International Conference, House of European History, Brussels,
Thursday-Friday, 16-17 May 2019
Call for Papers
Organizers: Wolfram Kaiser (University of Portsmouth) and Anette H. Storeide (NTNU Trondheim) in cooperation with the House of European History, Brussels
In times of growing political polarisation, the past seems to be more contested than ever even in apparently cohesive nation-states. With its problem-solving capacity, democratic quality and political legitimacy increasingly questioned, the European Union has become another battlefield for history and memory. On this battlefield a variety of institutions, networks and individuals promote their versions of the past as more shared or divided, to highlight common experiences or to tell stories about special paths. In Europe, the politics of history focuses especially on the continent’s experience during the twentieth century, the two world wars, the Holocaust and the continent’s division during the Cold War until 1989.
This conference explores attempts to trace, narrate and represent common elements of Europe’s historical experience during the twentieth century as shared history. Actors involved in such processes of narration and representation include political institutions at the European, national or sub-national levels, loosely organized networks, educational and commemorative institutions like memorial-sites, cultural institutions like museums or individual narrative entrepreneurs like historians with a strong media presence. Their strategies may be motivated by pragmatic reasons such as growing numbers of European visitors in national museums, for example, or they could be driven by ideational or ideological objectives such as shaping a new narrative of shared history as a foundational myth of European union or committed to the idea of learning from the past for the future.

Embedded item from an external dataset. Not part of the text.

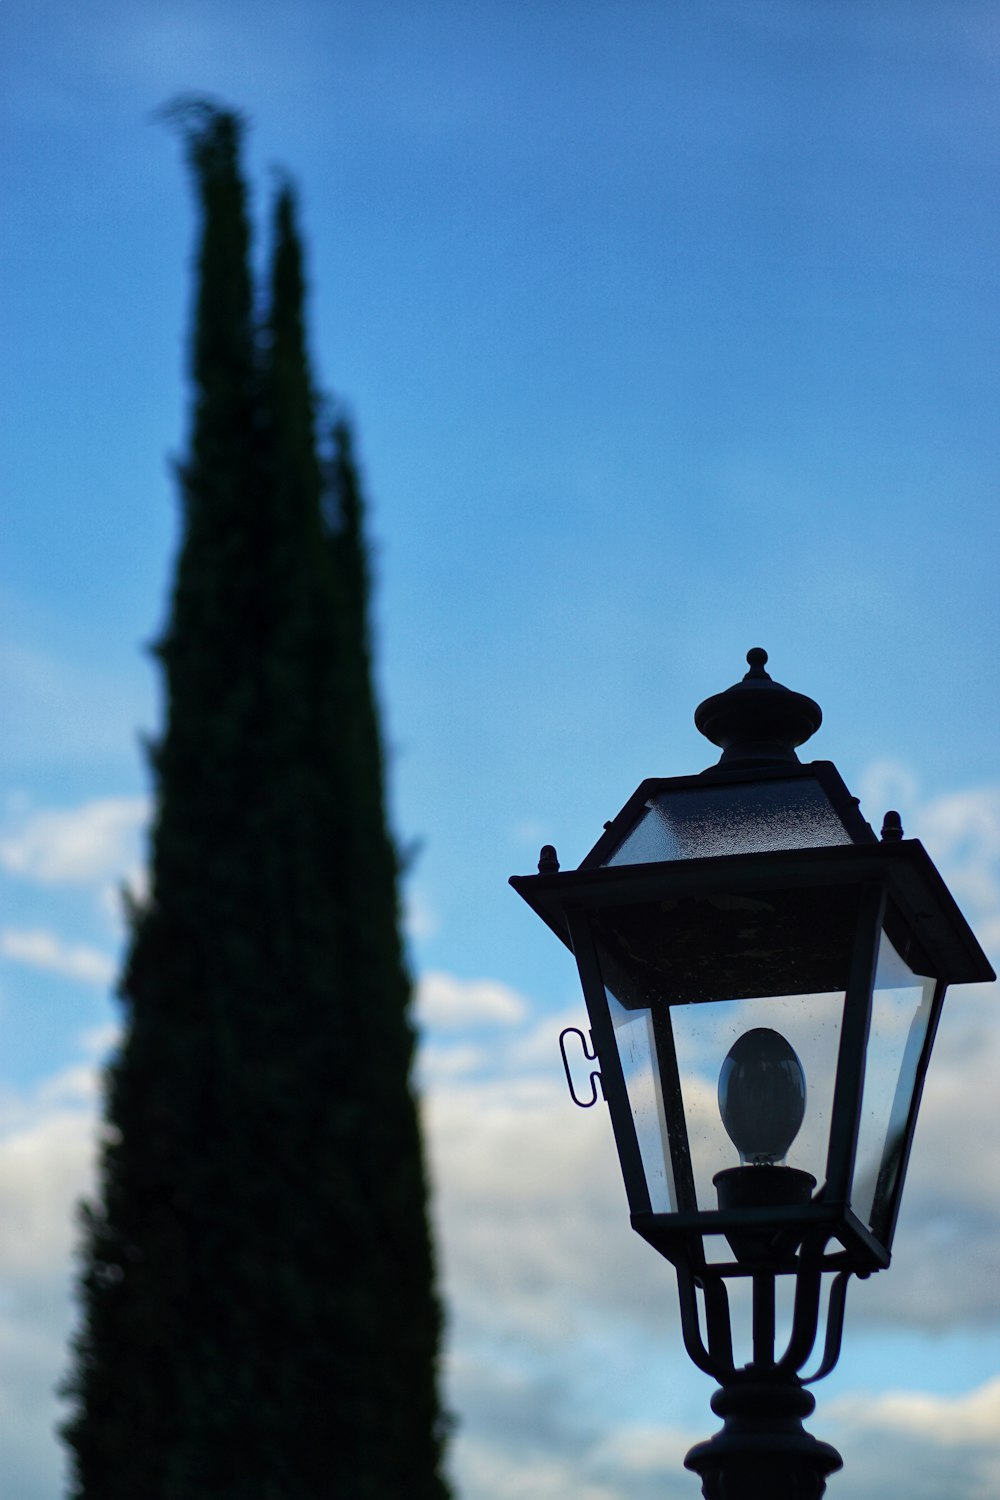 black lantern hanging on tree during daytime

This conference seeks to locate the search for and advocacy of, narratives and representations of twentieth century European history as shared history between two dominant narrative paradigms, the singularity of the Holocaust and the totalitarian paradigm. The singularity narrative highlights the European dimension of the destruction of European Jewry as a key focal point which has sometimes been propagated as a suitable foundation myth of European union especially since the 1990s. In contrast, the totalitarian paradigm emphasizes similarities of dictatorial regimes and their systems of rule and oppression occasionally creating a narrative of victimhood - a view that has been propagated especially forcefully by mnemonic entrepreneurs from East-Central Europe, who have highlighted the experience of suffering under Stalinism and communism until 1989.
For this conference we are inviting proposals for papers on contemporary actors and narratives of a shared European past which relate to these two paradigms. Papers can deal with any field from politics to academia, education, the media and a variety of cultural institutions. However, we expect all papers to address, in a structured manner, both the actors who produce narratives, and the narratives themselves, both to strengthen comparative perspectives and to facilitate a possible later publication in the form of an edited book or special issue.
Interested researchers should submit their paper proposal in one Word document with two elements, one abstract of no more than 300 words about the paper with information on its focus, key arguments and research basis, and one short biographical abstract with information on the author and his/her institutional affiliation and relevant ongoing research projects and/or publications. Proposals have to be submitted to both organisers, Wolfram Kaiser (Wolfram.Kaiser@online.de) and Anette H. Storeide (anette.homlong.storeide@ntnu.no), no later than 5 January 2019. The successful applicants will be notified no later than 20 January 2019.
We can cover travel costs up to a maximum of 300 Euros and accommodation in Brussels for one night (16-17 May 2019). Our host in Brussels, the House of European History, will provide coffee, lunch and dinner for all paper-givers. It will also offer a guided tour for the paper-givers of its own museum narrative of Europe’s twentieth century history as shared history as part of the conference programme.